Justice et détention provisoire : Démagogie sécuritaire26/10/20012001Journal/medias/journalnumero/images/2001/10/une-1736.gif.445x577_q85_box-0%2C11%2C166%2C227_crop_detail.jpg

Leur société

Justice et détention provisoire : Démagogie sécuritaire

La probable implication d'un récidiviste dans deux affaires sanglantes, le meurtre de deux policiers au Plessis-Trévise et celui de quatre personnes à Athis-Mons, suscite la colère dans les rangs de la police. De nombreux policiers dénoncent le fait que, bien qu'il ait purgé de nombreuses années de prison pour diverses attaques à main armée, ce truand ait été remis en liberté par la cour d'appel de Paris en décembre 2000, après avoir passé deux ans en détention provisoire pour une autre affaire.

Mais ce qui apparaît comme une bavure de quelques magistrats a aussitôt été exploité par les politiciens de la droite et de l'extrême droite, Jean-Louis Debré en tête. Ils en ont profité pour mettre en accusation la récente loi Guigou sur la présomption d'innocence, limitant la durée de la détention provisoire et confiant à un juge spécifique le soin d'en décider.

Ces gens-là ne manquent évidemment pas de toupet. D'abord parce que, lors du vote de cette loi, peu d'entre eux s'y étaient opposés. Il est vrai qu'elle arrivait à point nommé pour un certain nombre de politiciens et de patrons aux prises avec la justice, que ce soit pour des affaires de financement occulte des partis politiques, des attributions frauduleuses de marchés publics ou des détournements de fonds. Du RPR au PS, les dirigeants des partis ne tenaient pas à partager l'expérience carcérale des Carignon, Noir et autres Le Floch Prigent, fût-ce dans le carré réservé aux personnalités et pour une courte durée.

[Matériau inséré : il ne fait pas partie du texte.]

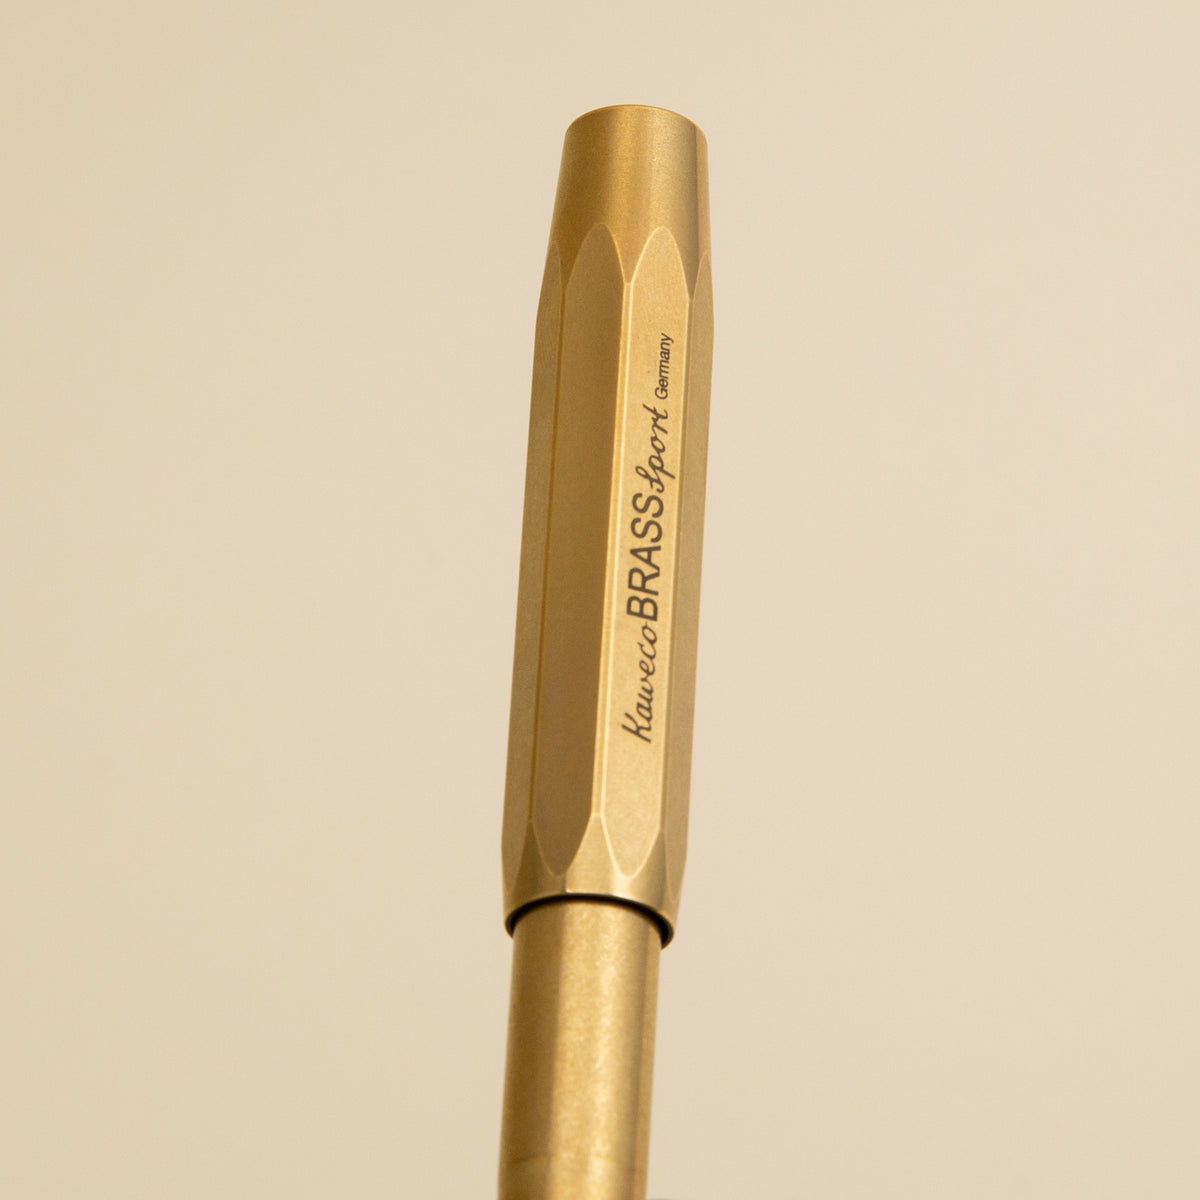 Kaweco Brass Sport Fountain Pen — Libraries and Archives Paper Company

Ensuite, parce que la décision des juges concernant la remise en liberté du truand a été inspirée par la loi Toubon (nom de l'ancien Garde de Sceaux RPR) du 30 décembre 1996 qui limitait déjà les conditions du placement des suspects en détention provisoire, et non par la loi Guigou, qui n'est entrée en vigueur que le 1er janvier 2001, donc après la décision des juges.

Il est tout aussi malvenu que ces gens-là dénoncent un prétendu "laxisme" de la justice. Comment expliquer sinon que les prisons soient surpeuplées et qu'une majorité de détenus y soient retenus pendant des mois, voire des années, en attente de leur jugement ? A plusieurs reprises, la France a d'ailleurs été condamnée par la Convention européenne des droits de l'homme pour défaut de jugement dans un "délai raisonnable".

Mais ceux qui se livrent à cette démagogie sécuritaire n'en sont pas à un mensonge près, et l'approche des échéances électorales renforce leur audace. D'autant qu'aussi bien au RPR qu'au PS, ils partagent bien des responsabilités dans la situation actuelle, leurs gouvernements successifs ayant contribué au manque de moyens de la justice qui aboutit à l'allongement invraisemblable de la détention provisoire, et d'une façon générale, l'absence de moyens de la société face à la montée de la délinquance. Comme ils cherchent à détourner l'attention de l'opinion quant à leur responsabilité dans la dégradation de la situation sociale, l'augmentation des licenciements et du chômage, qui pousse une fraction de la jeunesse dans cette voie.